→ Task to carry out
Could you retype exactly the lines below between the one holding "Hartford, Le nord-est" and the one holding "Кружка ВПБС-ММГ-ДШМГ", inclusive, leaving out any pictures?

→ Dataset excerpts
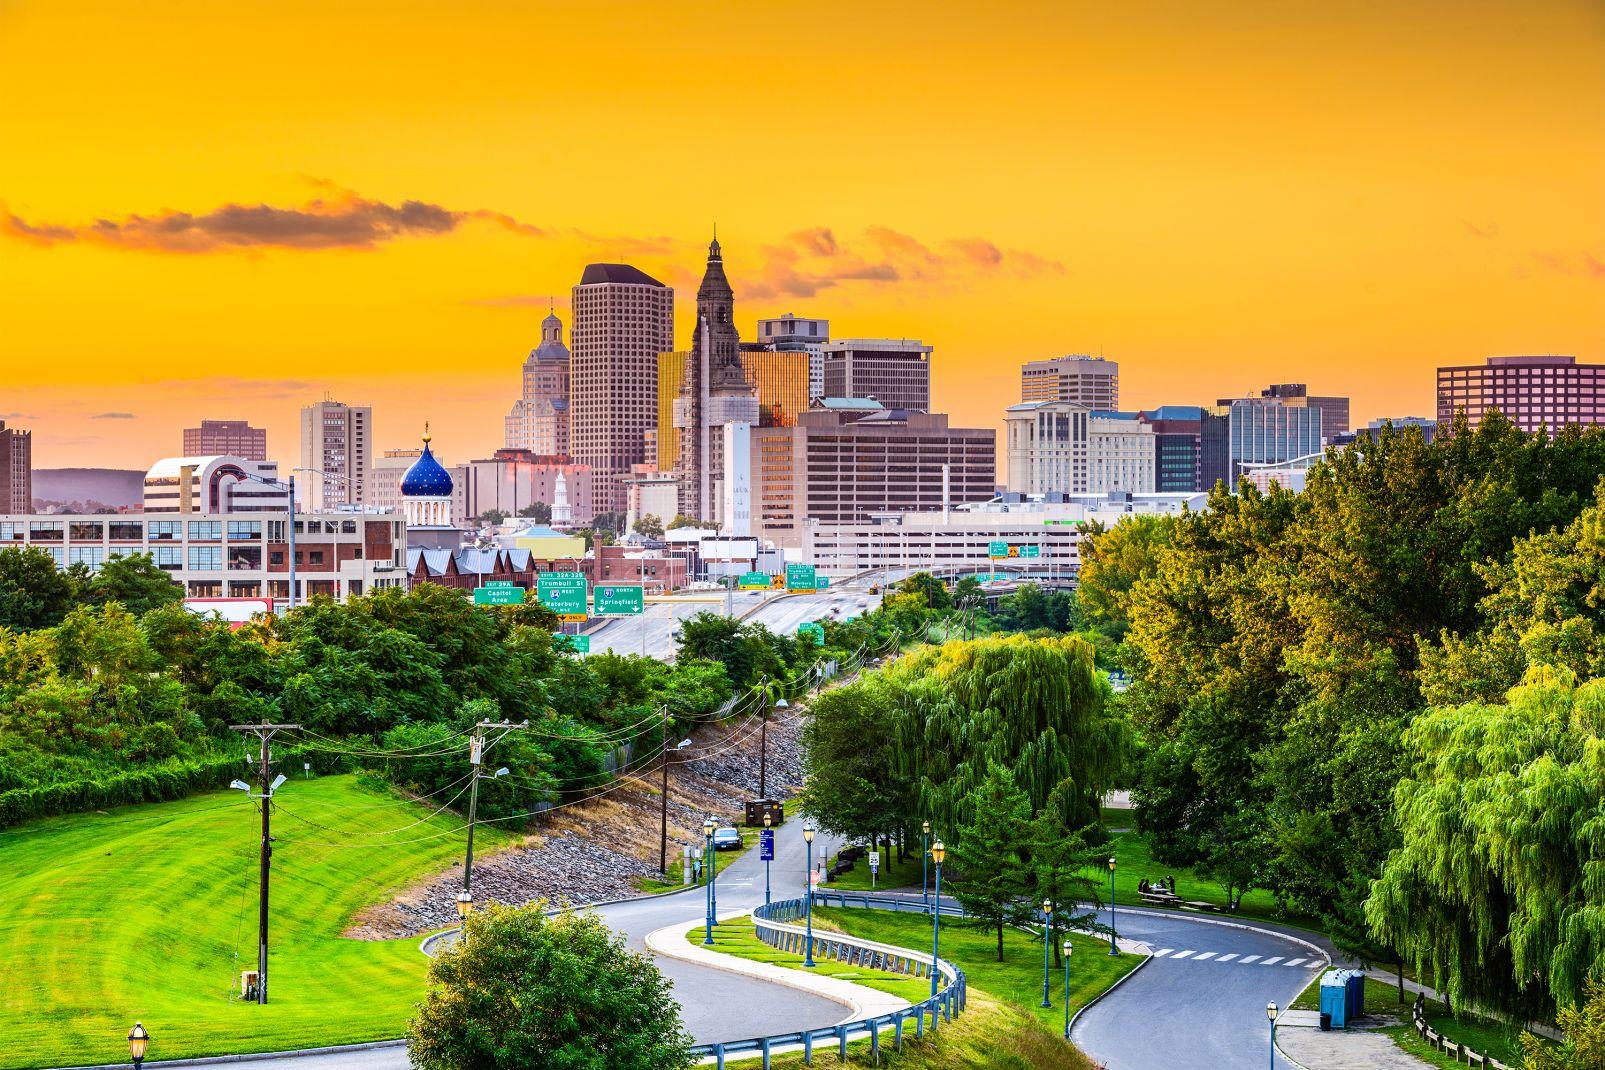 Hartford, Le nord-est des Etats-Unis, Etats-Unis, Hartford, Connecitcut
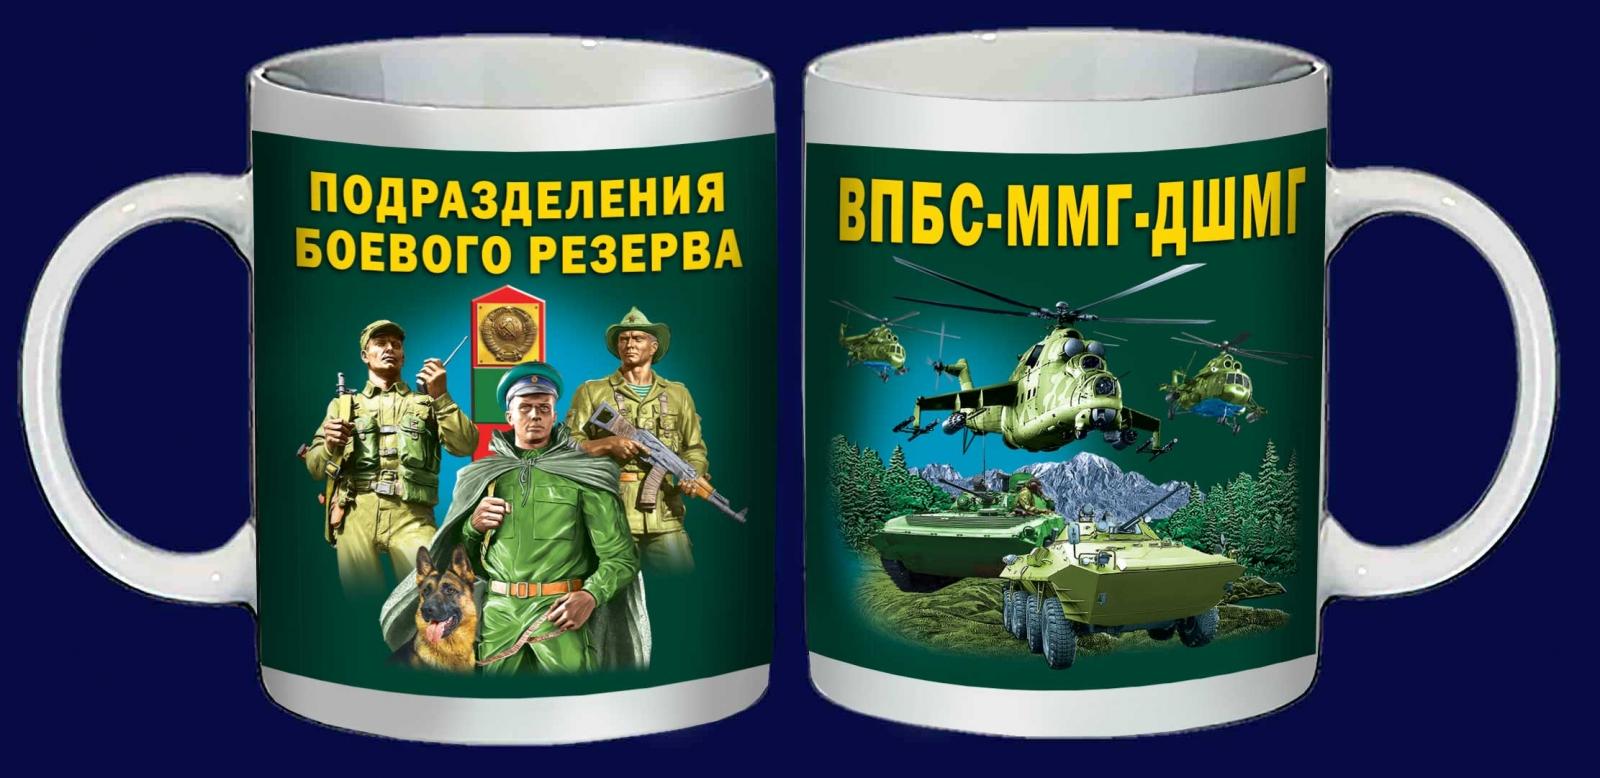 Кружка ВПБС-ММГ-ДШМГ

--

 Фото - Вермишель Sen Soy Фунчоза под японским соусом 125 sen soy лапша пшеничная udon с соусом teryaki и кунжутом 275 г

→ Reply
 Hartford, Le nord-est des Etats-Unis, Etats-Unis, Hartford, Connecitcut
 Кружка ВПБС-ММГ-ДШМГ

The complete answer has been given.